## Requirement
Whenever an image turns up, omit it and return the remaining data exactly.

::: Supplied data :::

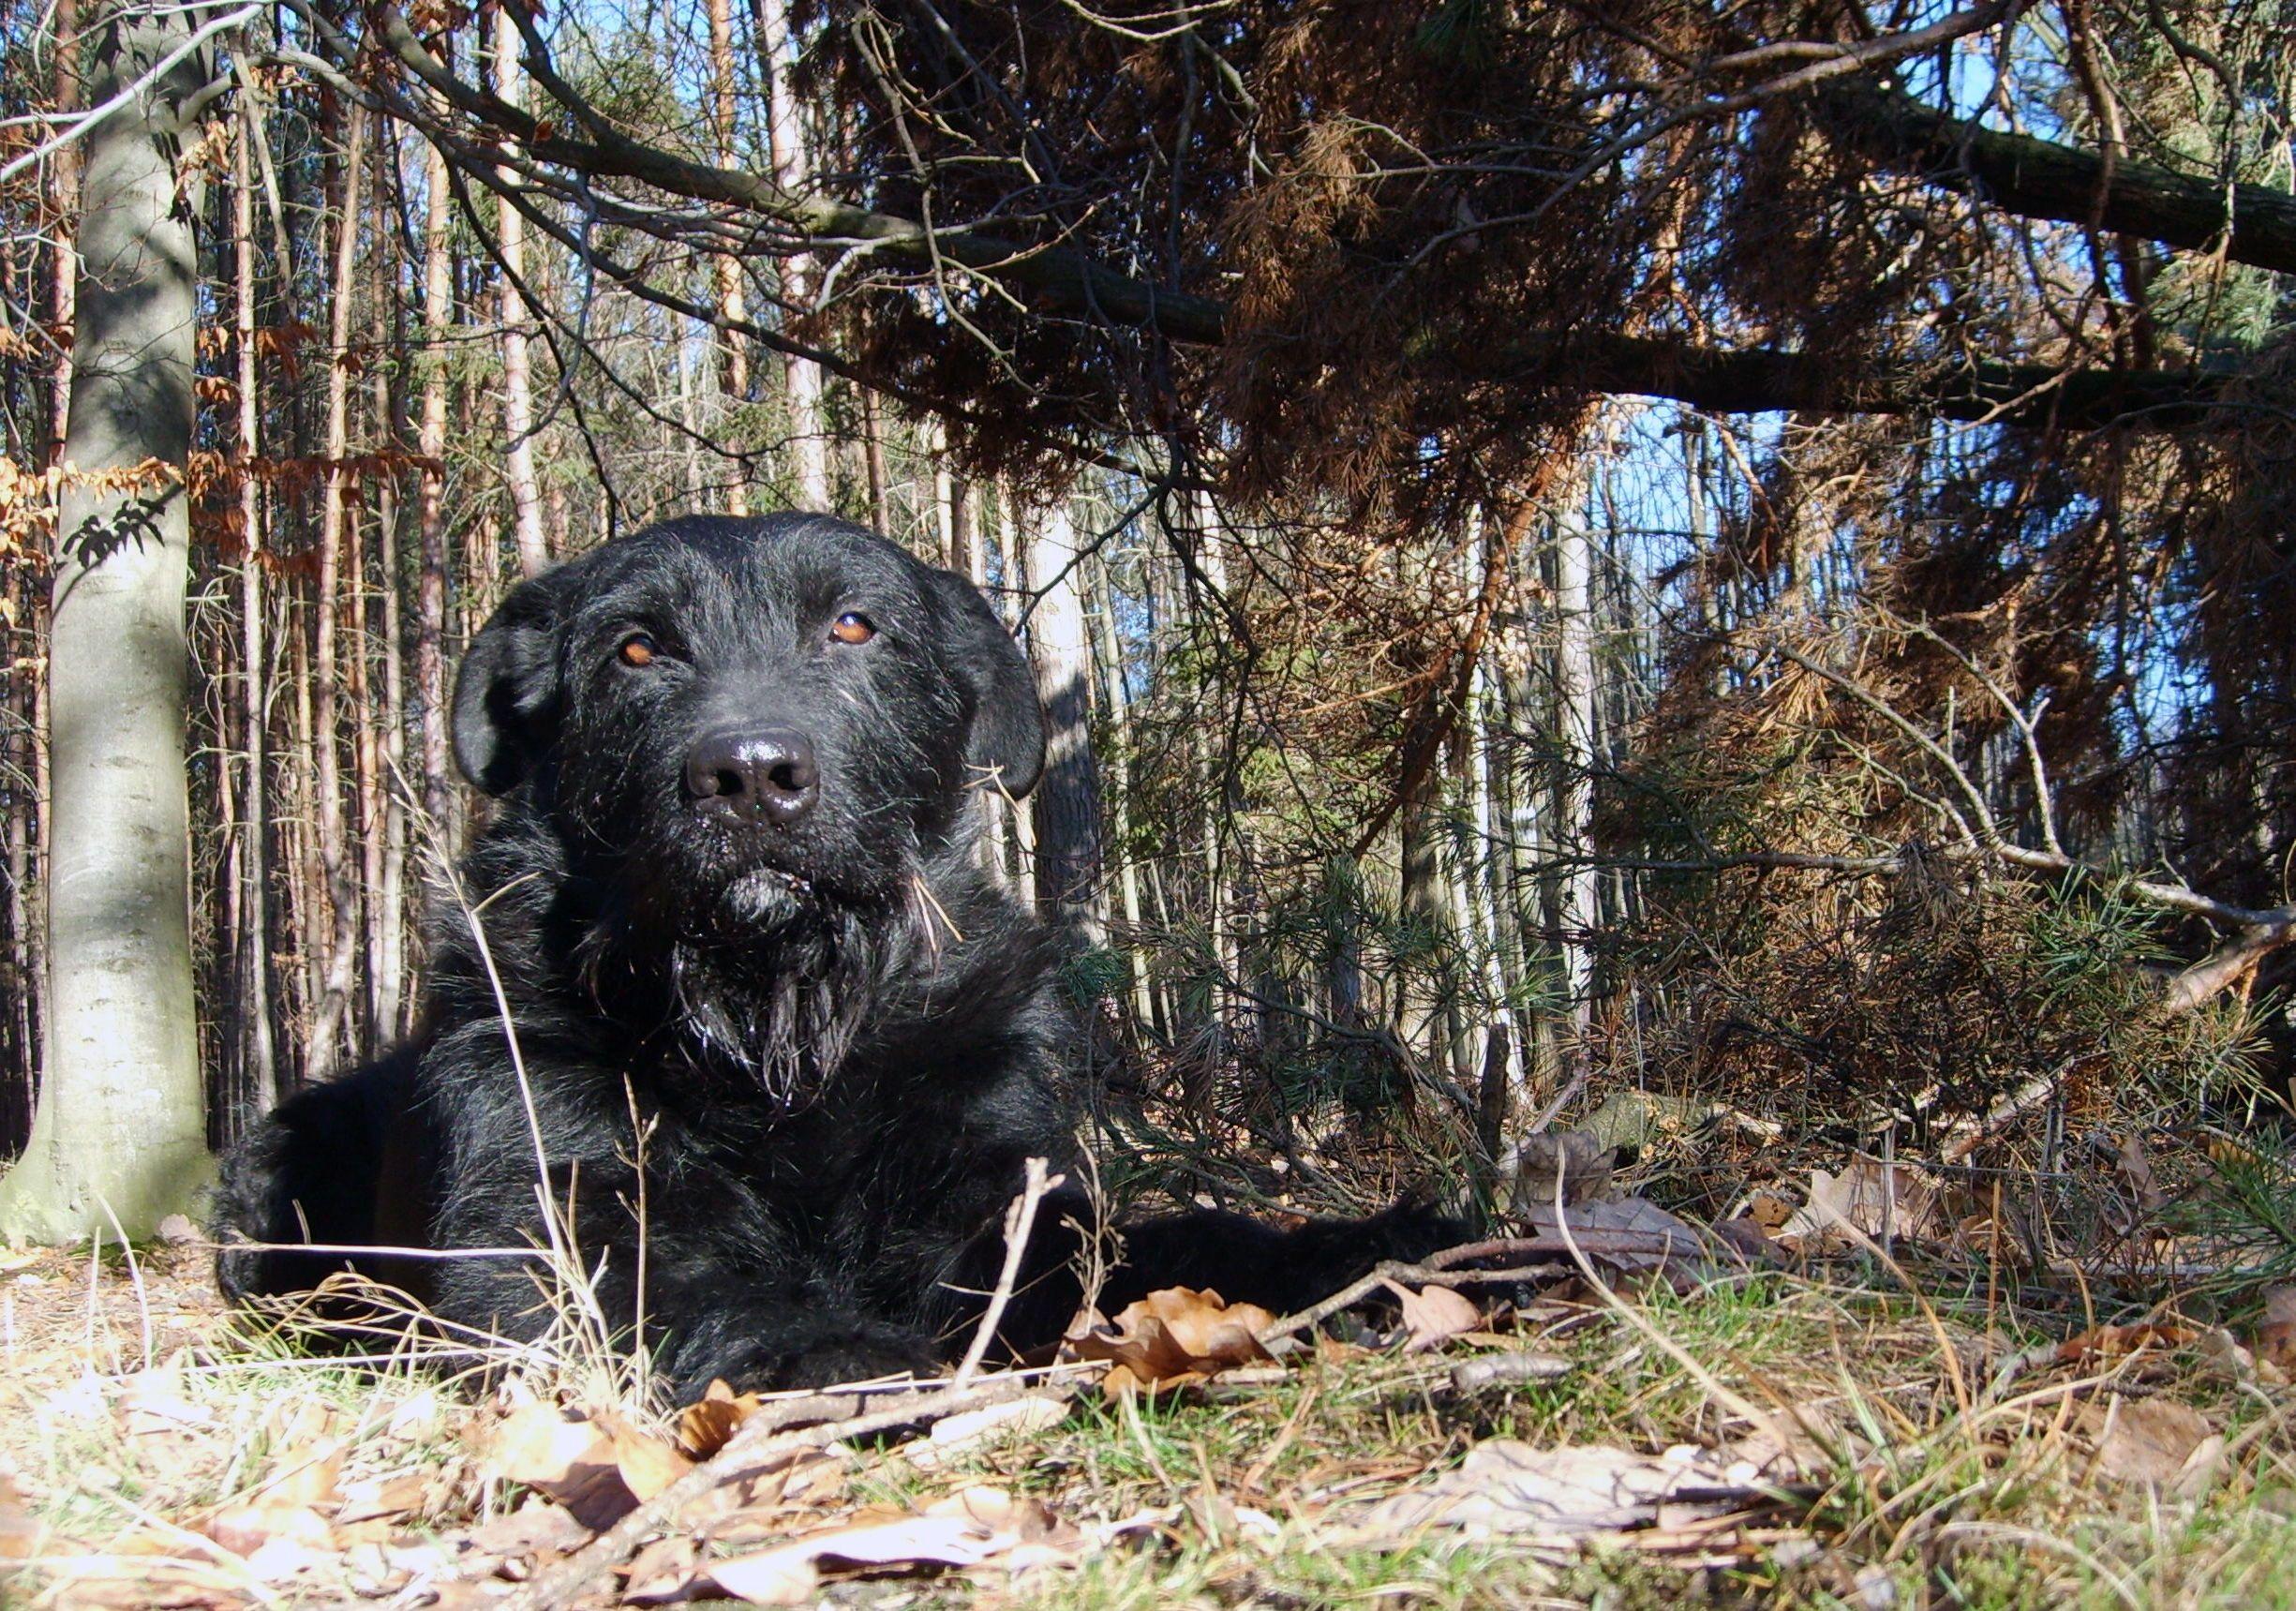 lying black dog free stock images by libreshot
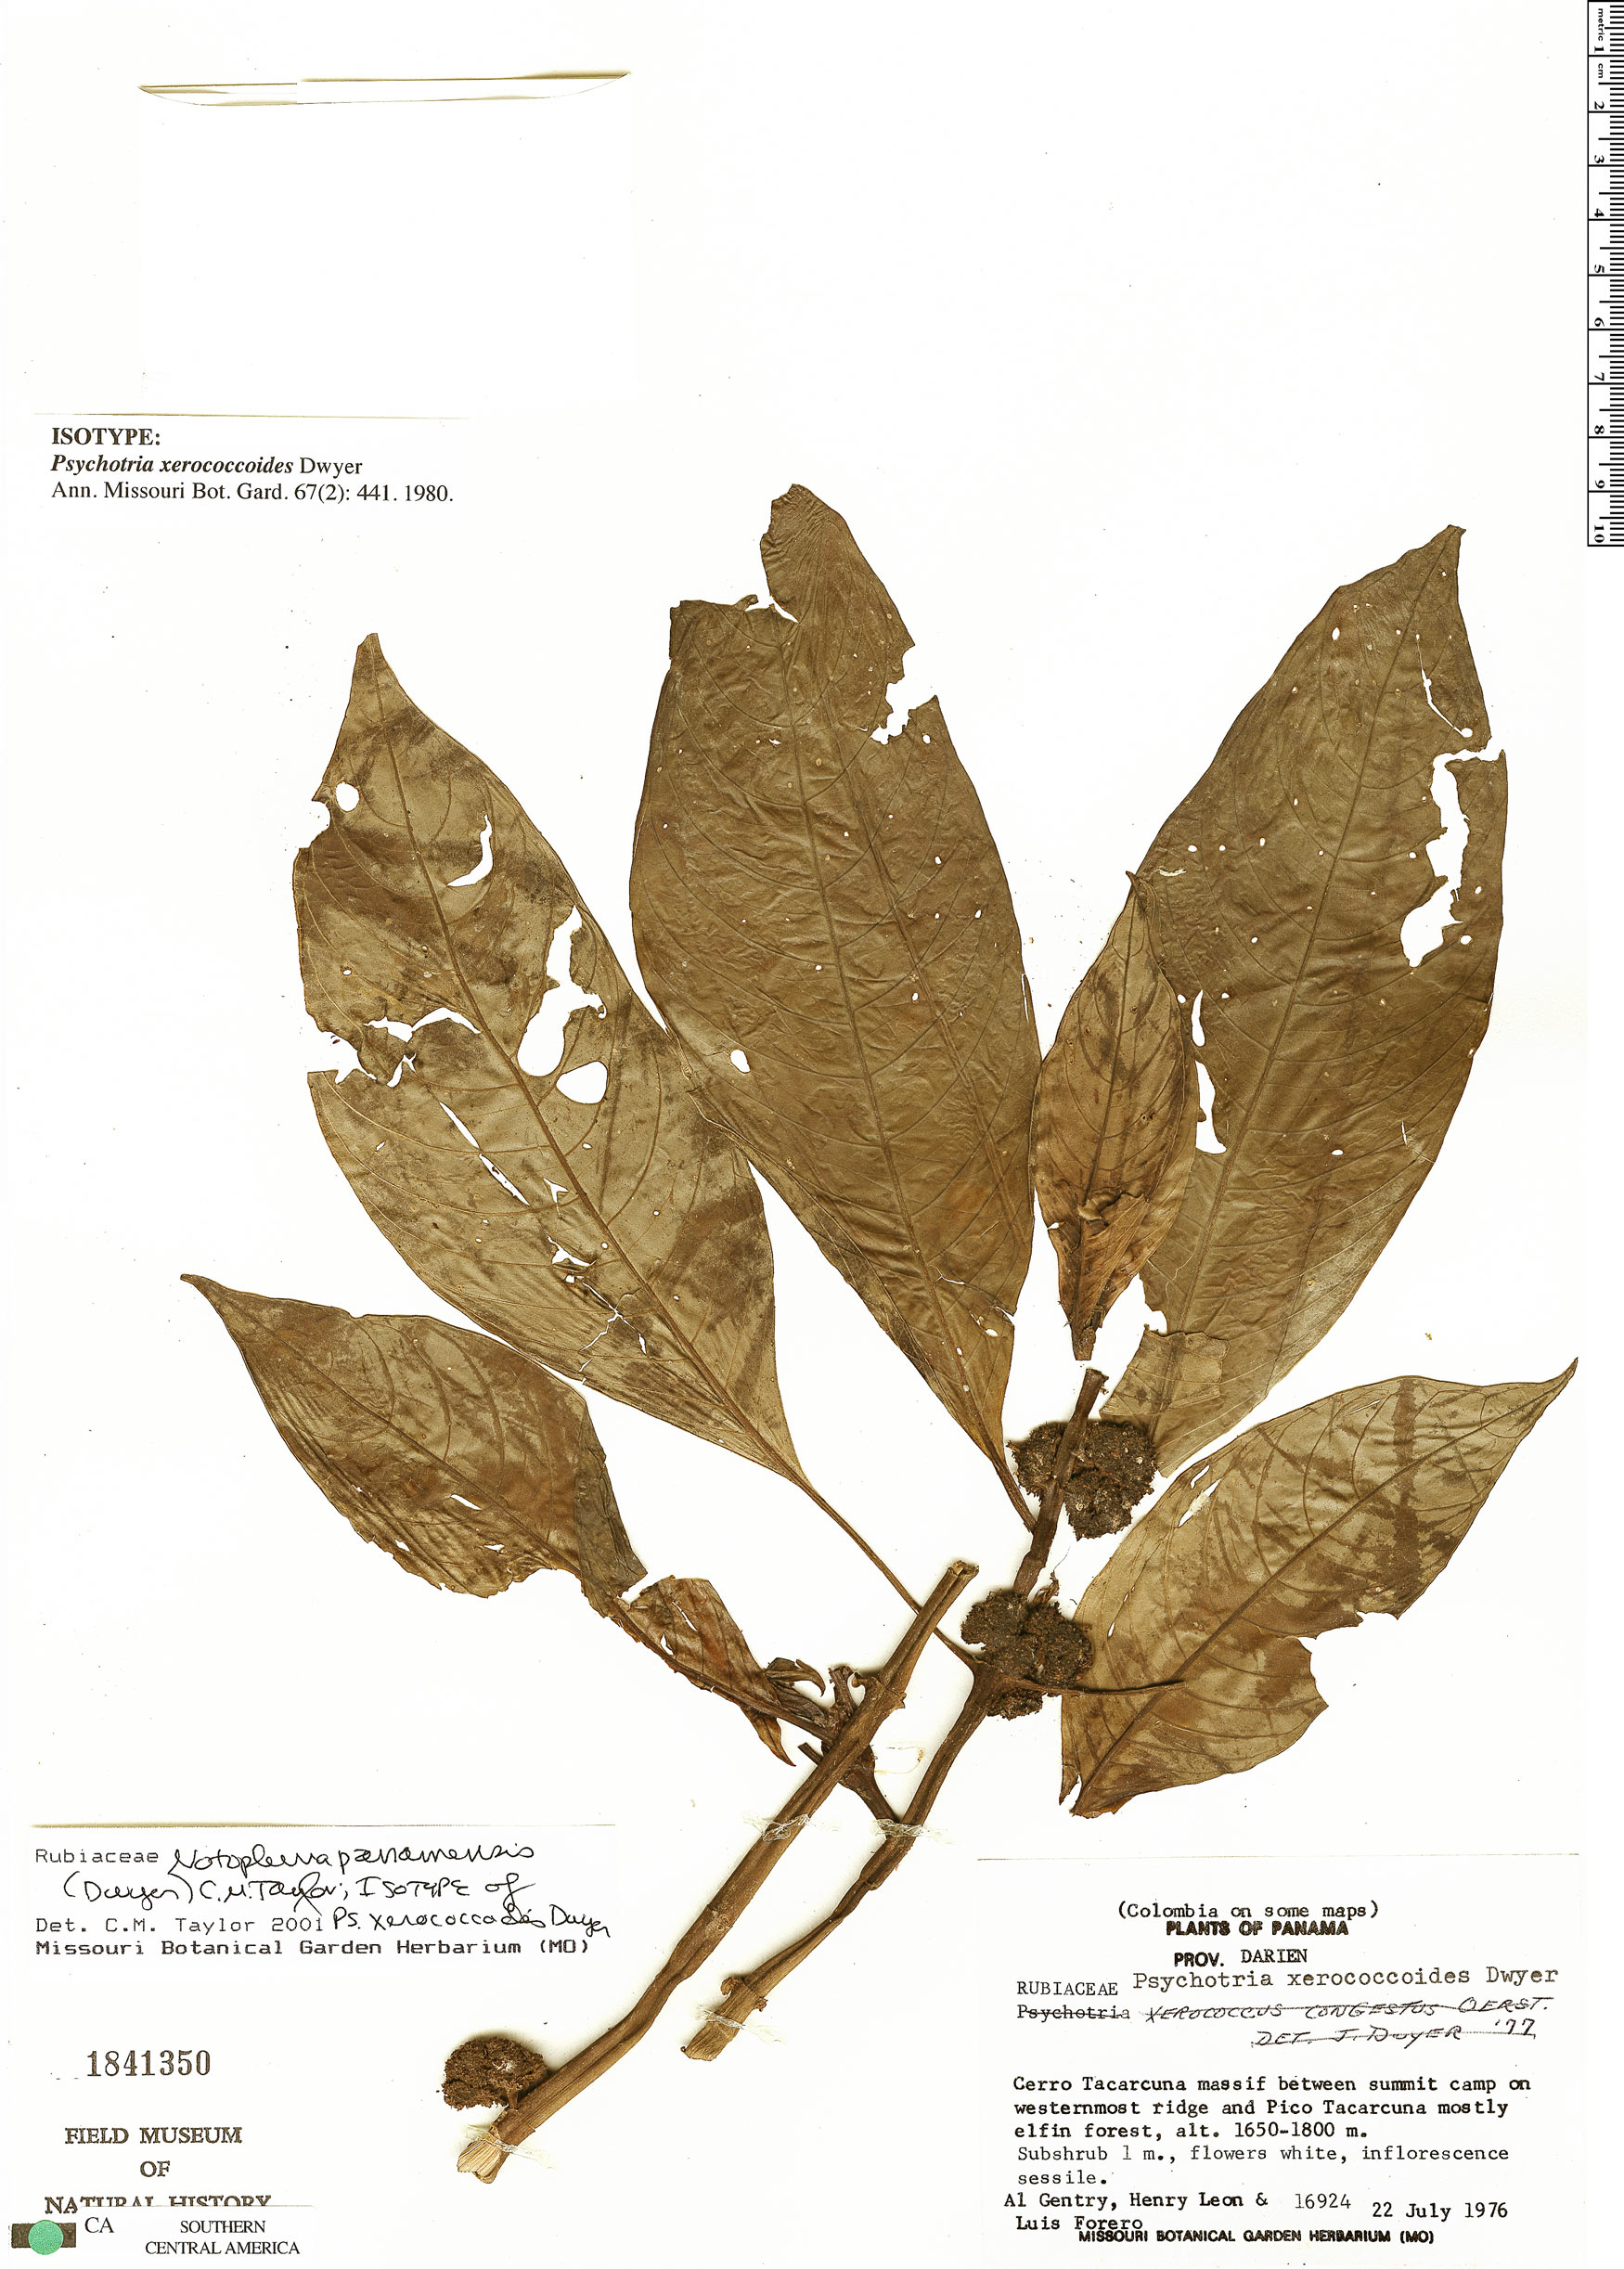 Specimen: Notopleura panamensis
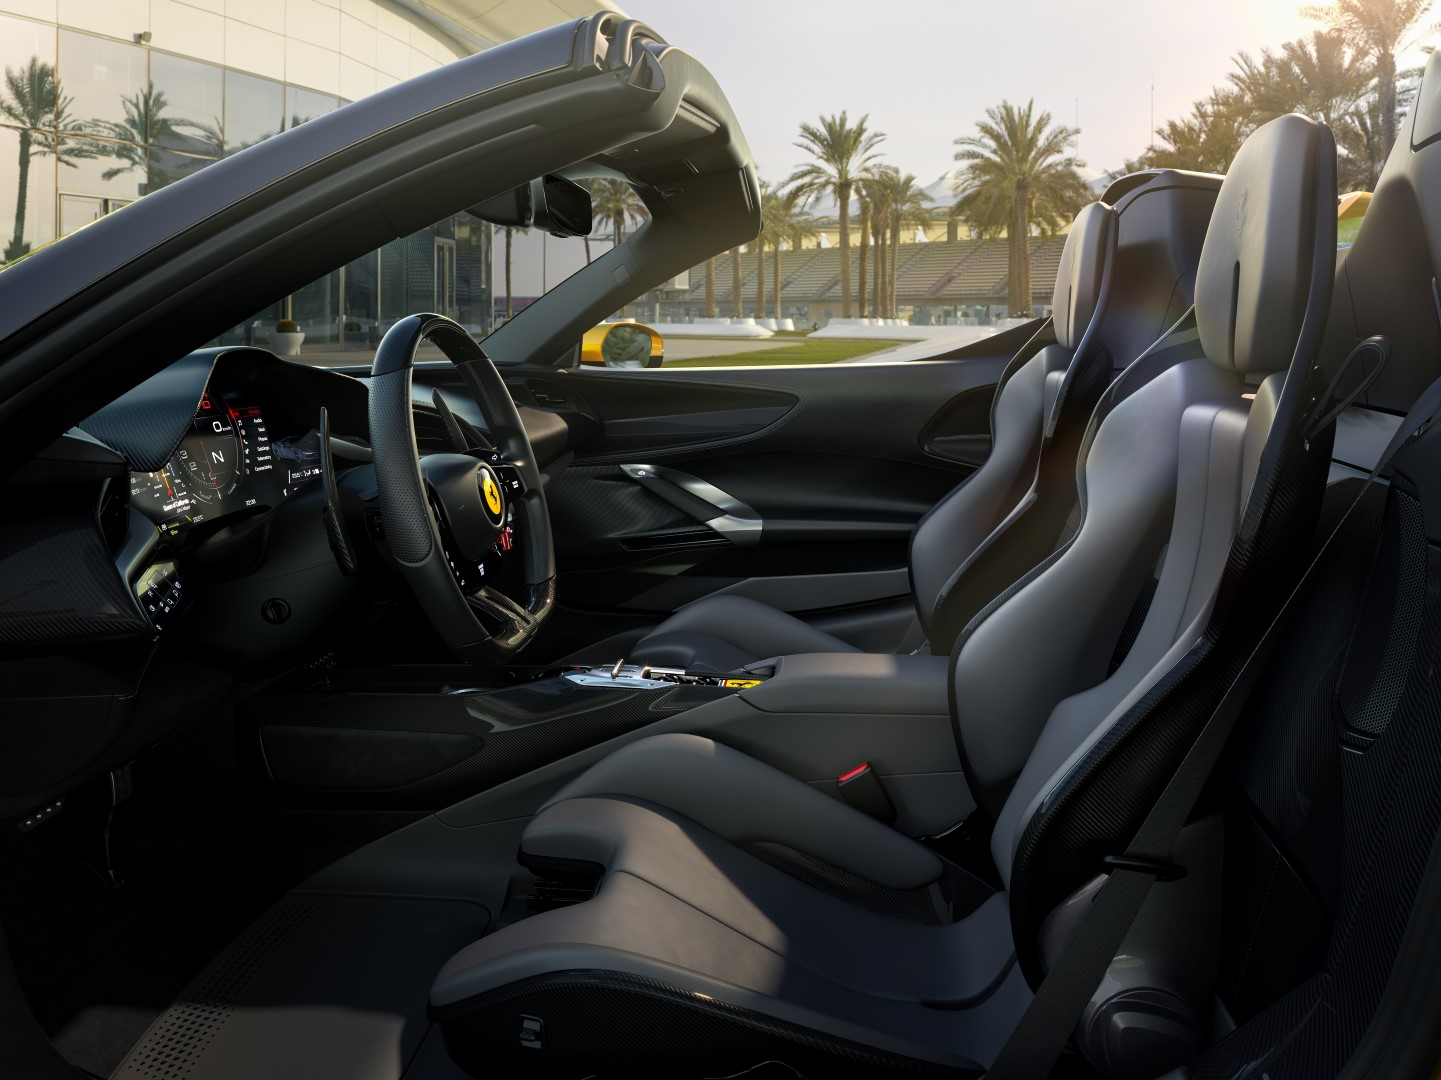 2020 ferrari sf90 spider interior

:::

## Answer for this exercise
 lying black dog free stock images by libreshot
 Specimen: Notopleura panamensis
 2020 ferrari sf90 spider interior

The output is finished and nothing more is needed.